▸ TASK DESCRIPTION: Print exactly the lines below between the line holding "#الأردن_قطر #كأس_آسيا2023" and the line holding "#قطر #الأردن #الكويت #بالسنتر", inclusive, and nothing more.
··· DATA ···
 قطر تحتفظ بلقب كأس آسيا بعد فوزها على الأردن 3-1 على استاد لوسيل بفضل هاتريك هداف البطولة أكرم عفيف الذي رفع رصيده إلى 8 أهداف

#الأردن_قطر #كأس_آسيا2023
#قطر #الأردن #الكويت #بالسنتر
···
··· DATA ···
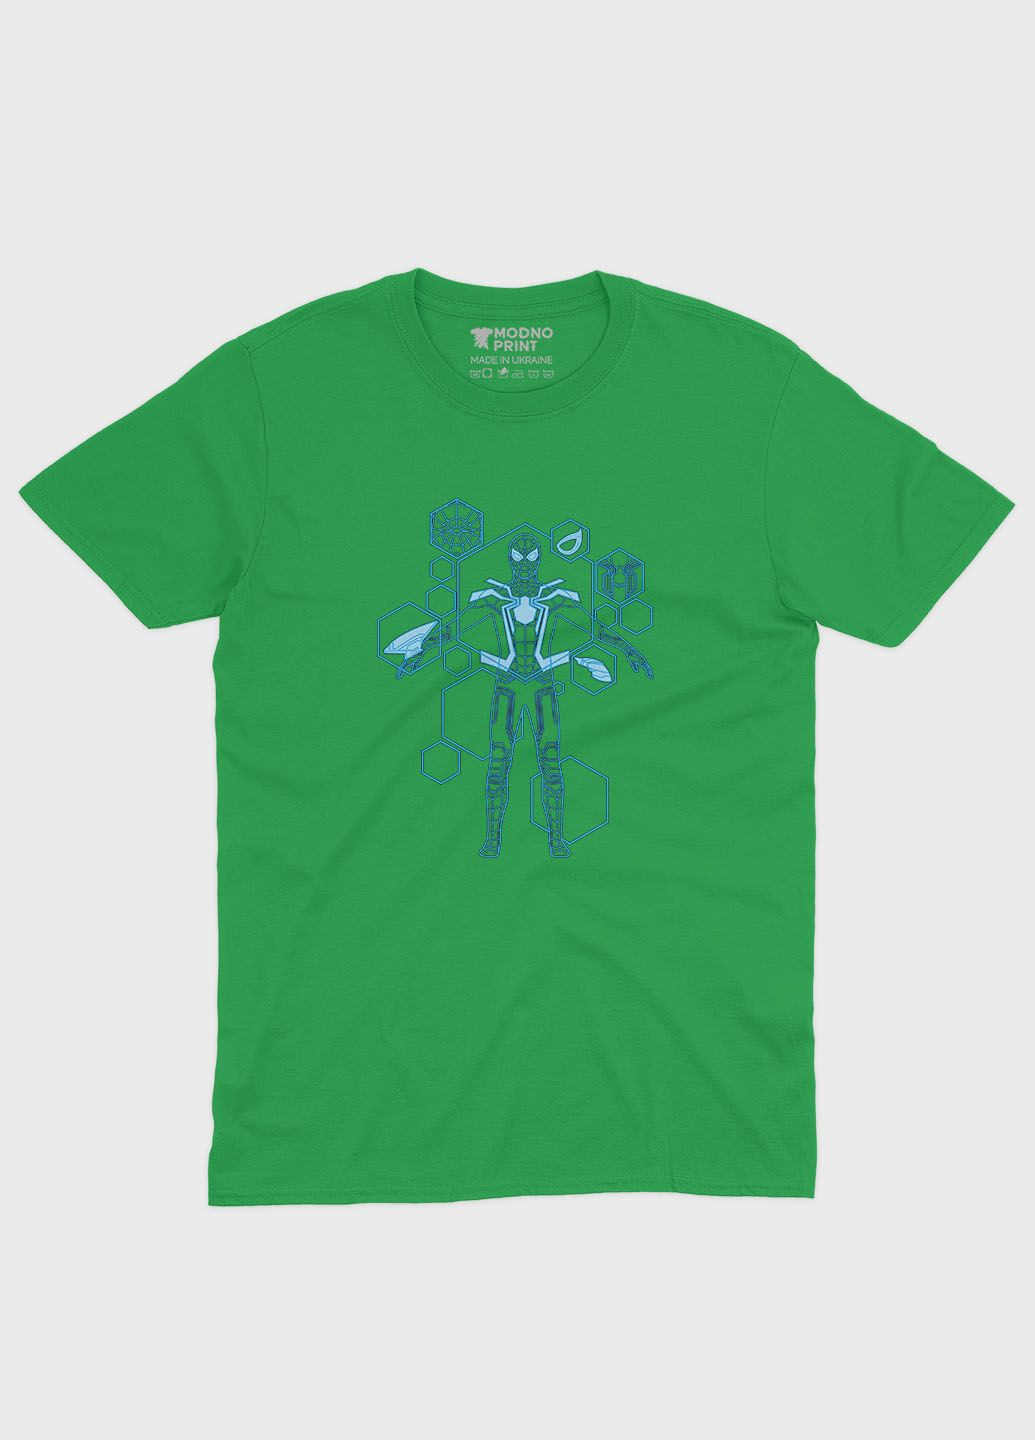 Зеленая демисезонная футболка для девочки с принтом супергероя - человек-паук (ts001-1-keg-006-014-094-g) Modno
···
▸ SOLUTION BELOW:
#الأردن_قطر #كأس_آسيا2023
#قطر #الأردن #الكويت #بالسنتر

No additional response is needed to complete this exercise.